■ **Source data**
[Start of section]
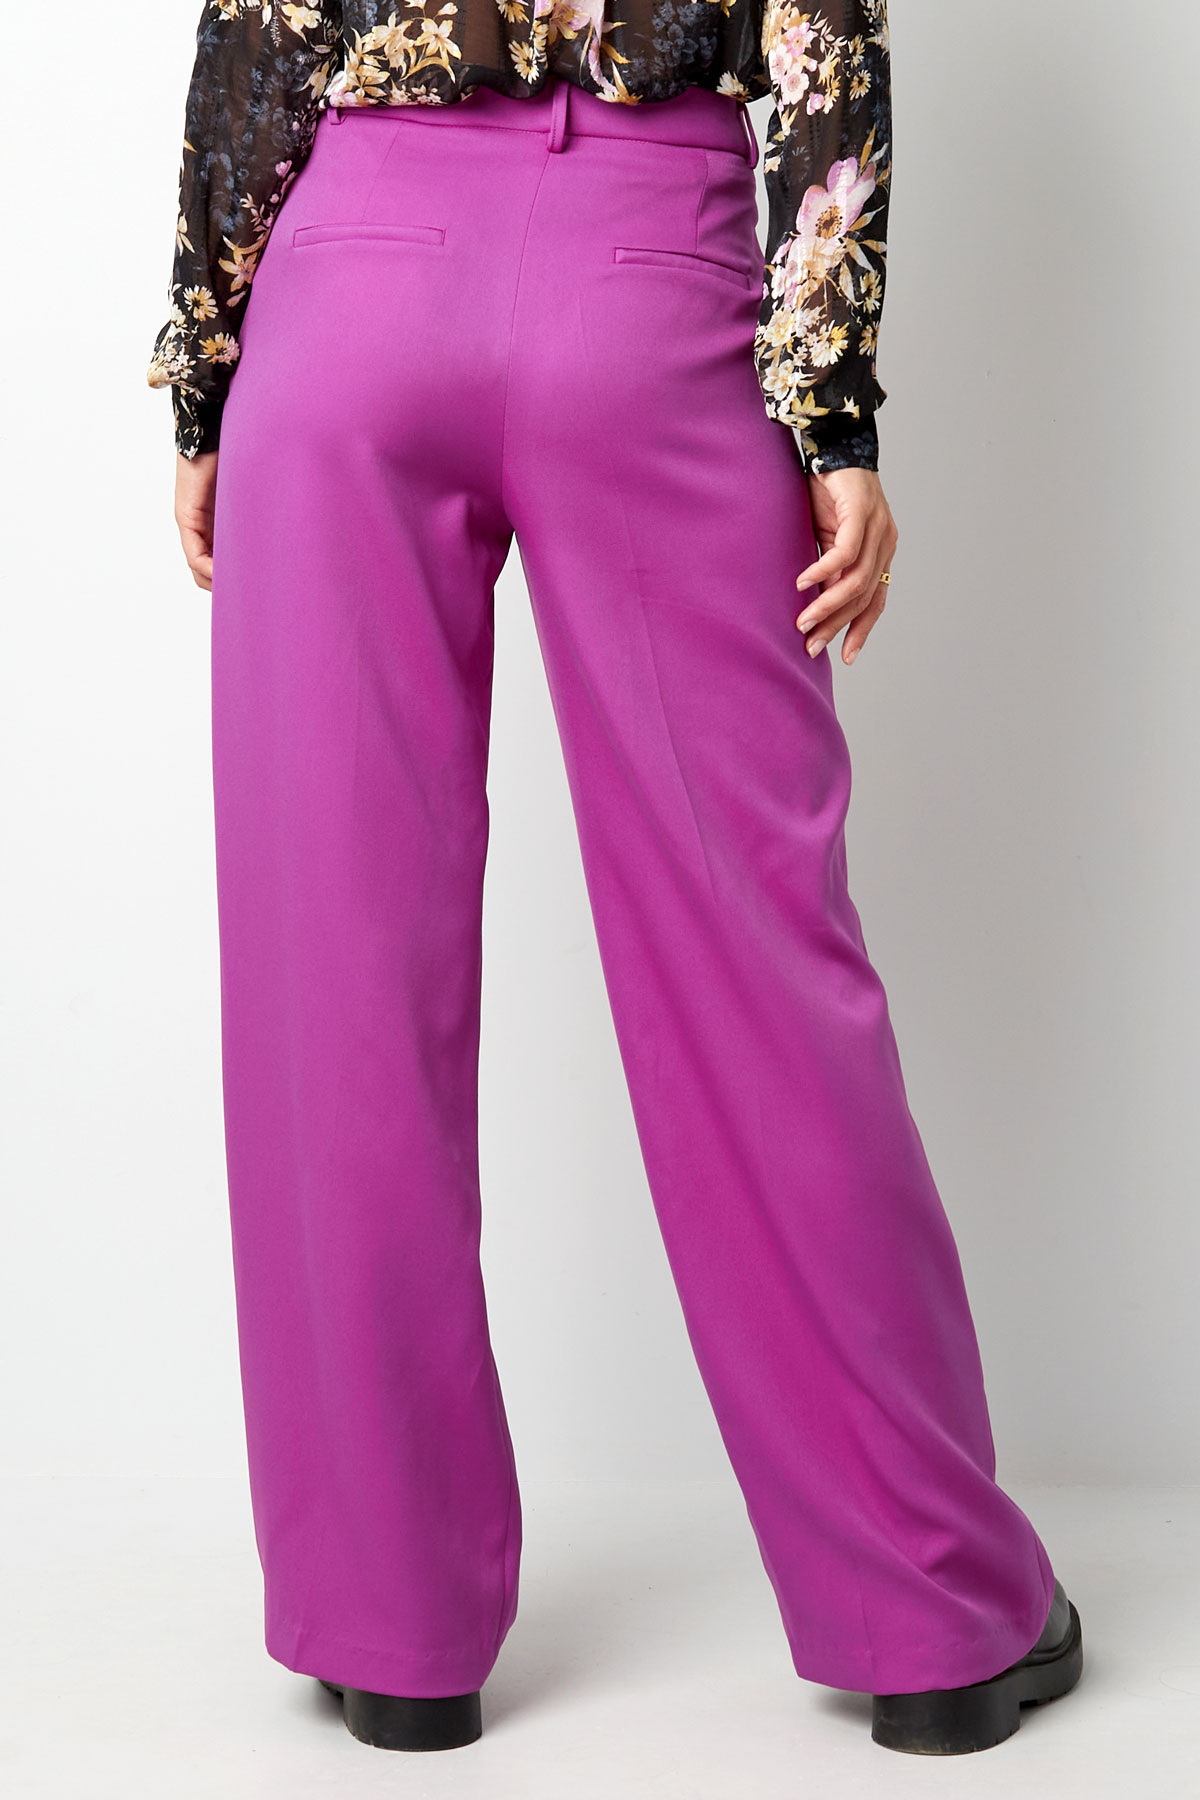 Pantalon plissé - violet h5 Image12
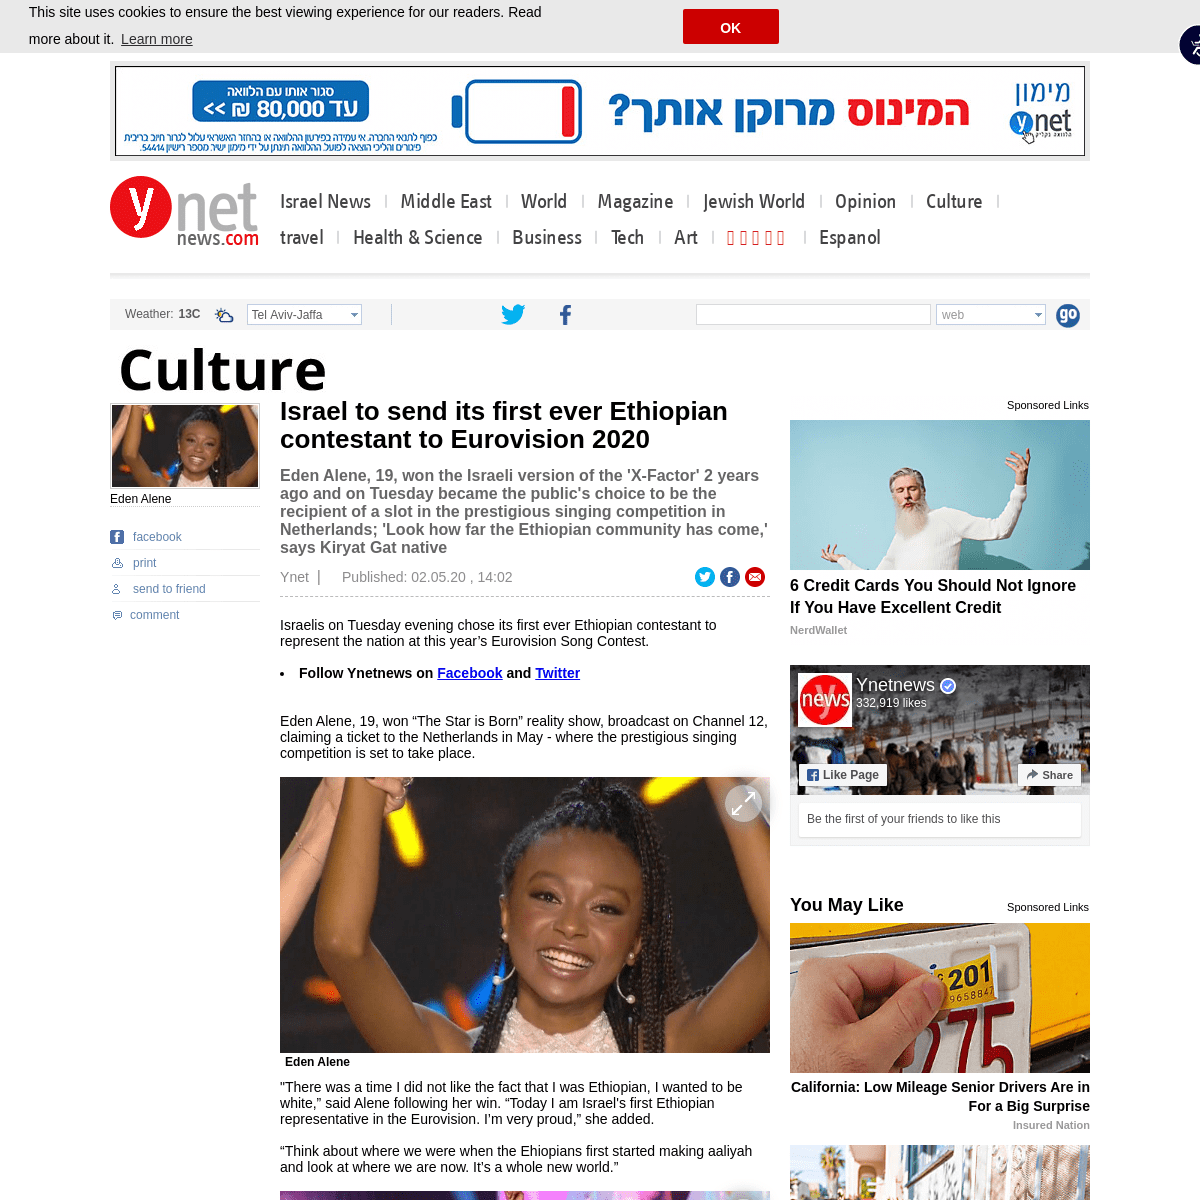 A complete backup of www.ynetnews.com/culture/article/rkJoi7uM8
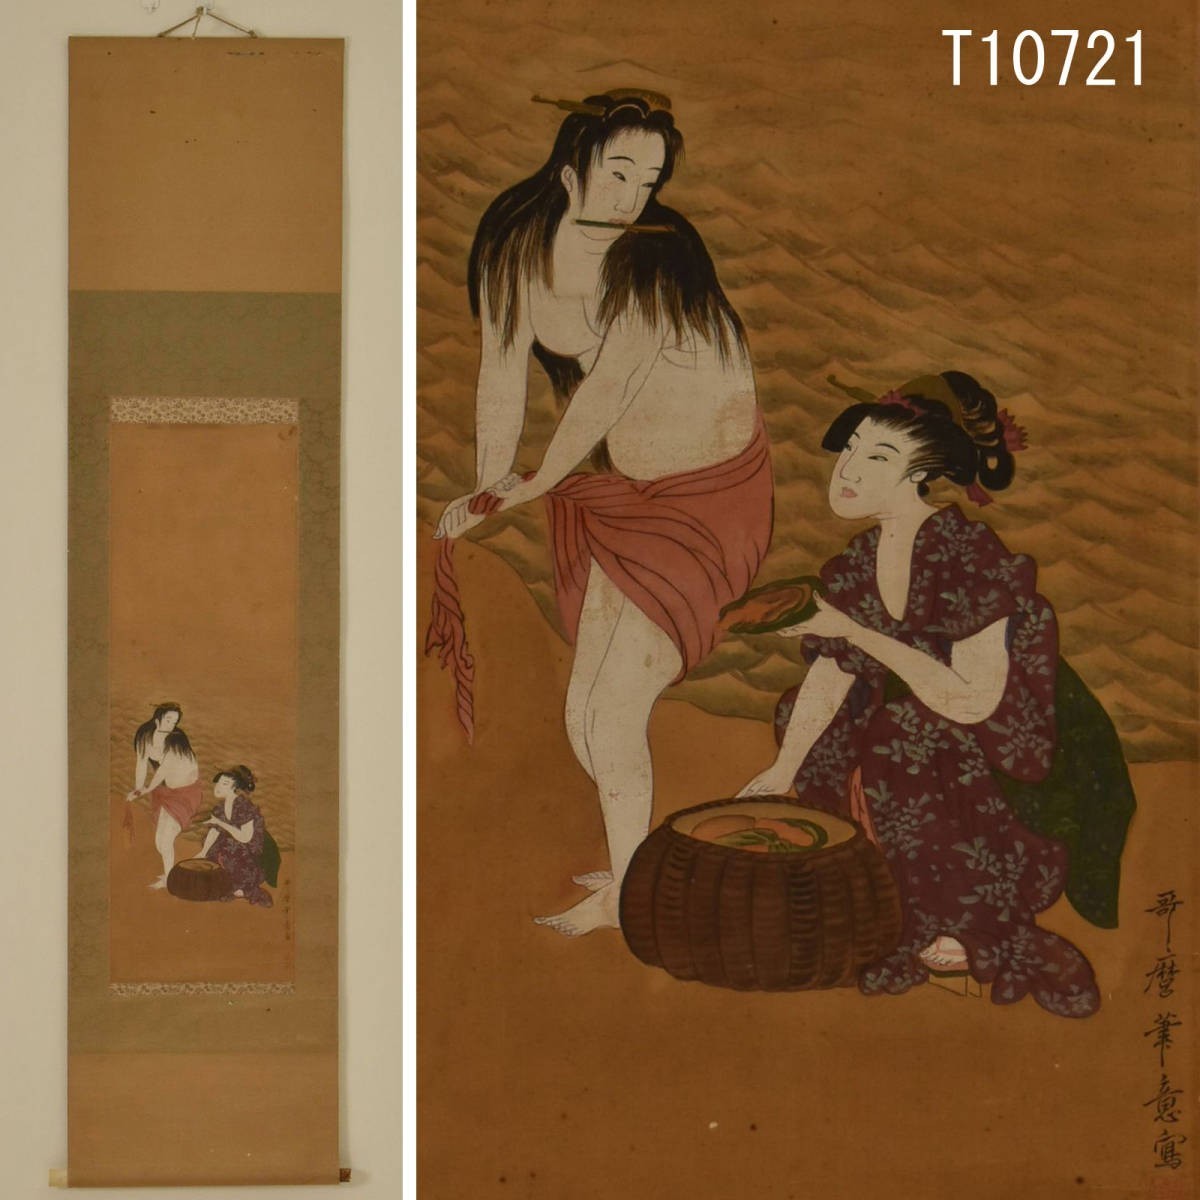 T10721 उतामारो की हस्तलिखित सौंदर्य पेंटिंग हैंगिंग स्क्रॉल: प्रामाणिक, चित्रकारी, जापानी चित्रकला, व्यक्ति, बोधिसत्त्व
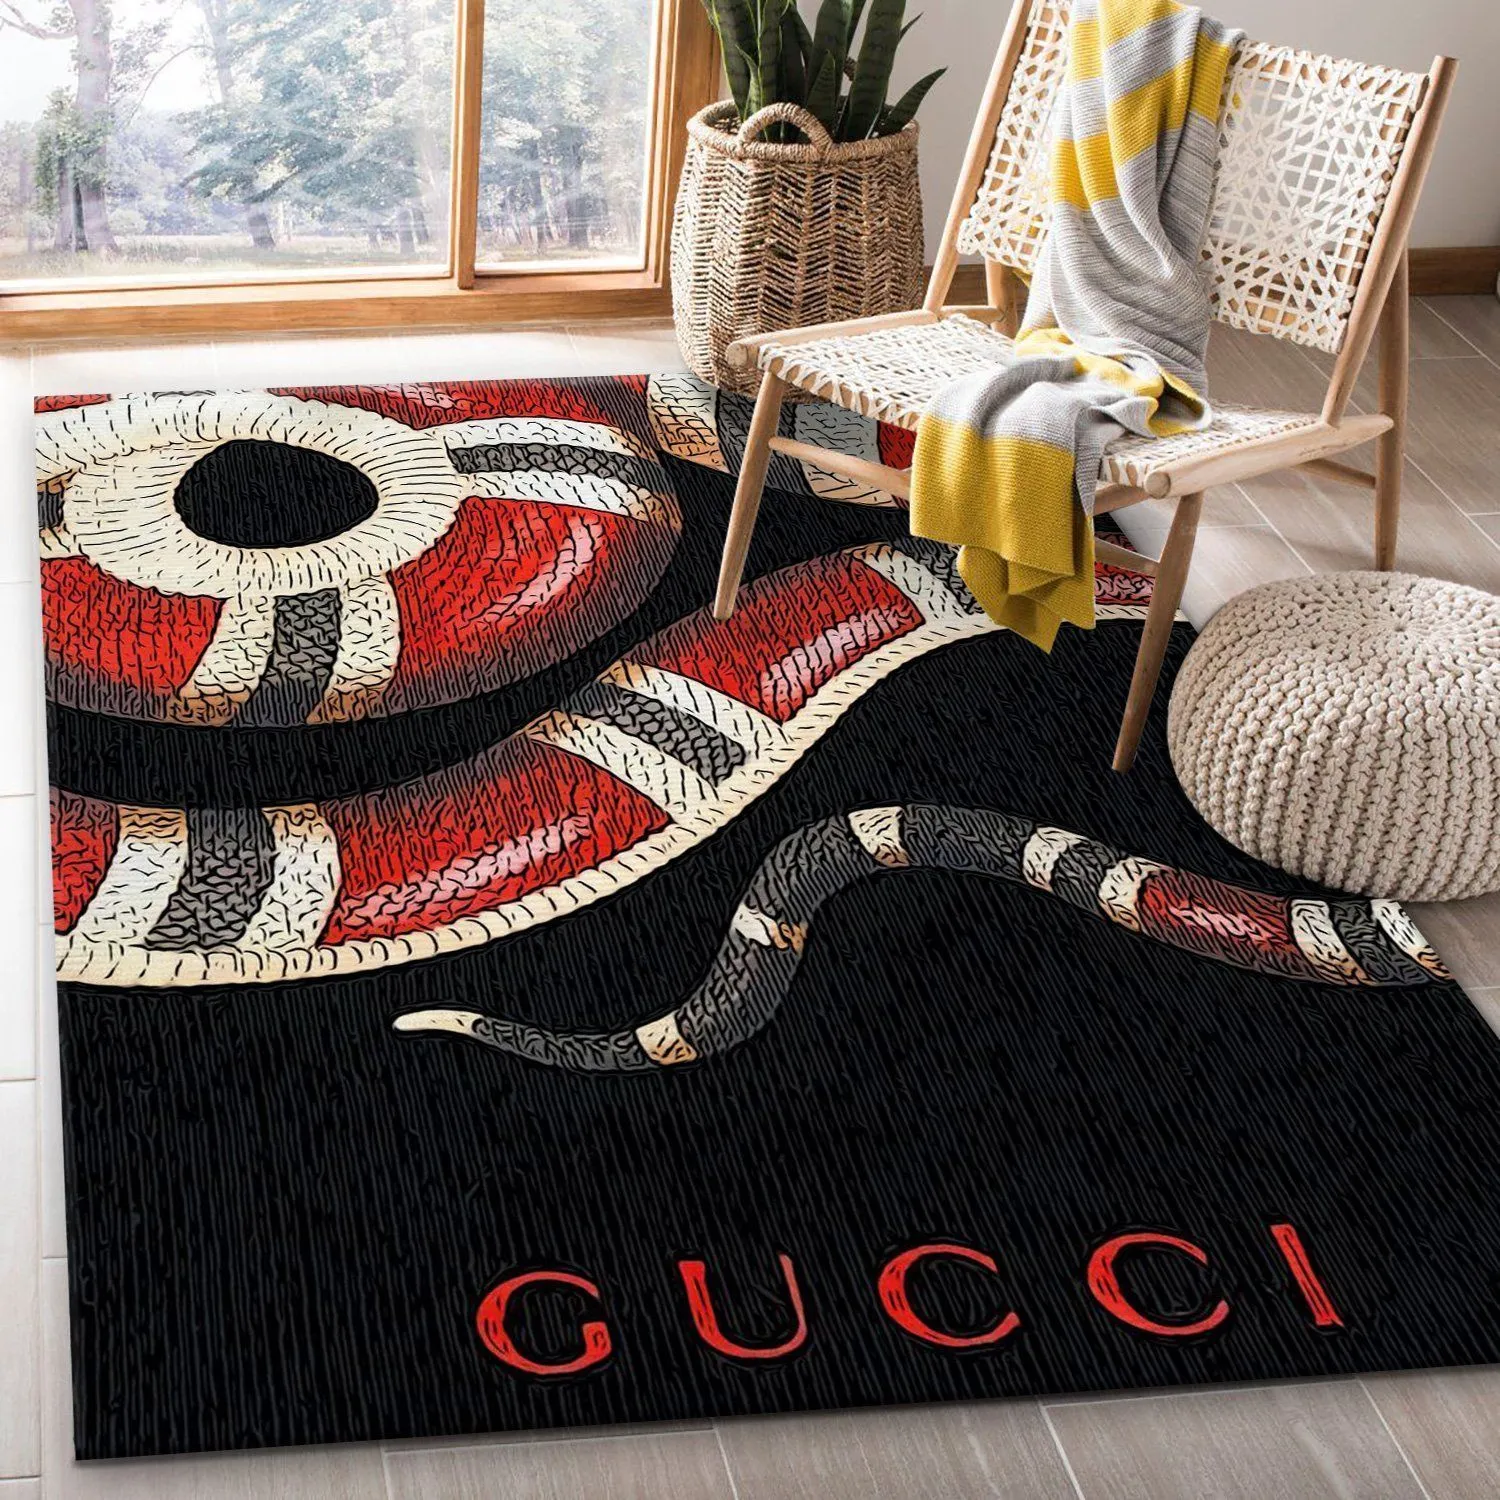 Gucci snake Rectangle Rug Luxury Fashion Brand Door Mat Home Decor Area Carpet
[End of section]
■ **Instructions for the task**
From the line that contains "T10721 उतामारो की" to the last line of the data, print each line exactly, both ends included, and omit the pictures.

■ **Result of this task**
 T10721 उतामारो की हस्तलिखित सौंदर्य पेंटिंग हैंगिंग स्क्रॉल: प्रामाणिक, चित्रकारी, जापानी चित्रकला, व्यक्ति, बोधिसत्त्व
 Gucci snake Rectangle Rug Luxury Fashion Brand Door Mat Home Decor Area Carpet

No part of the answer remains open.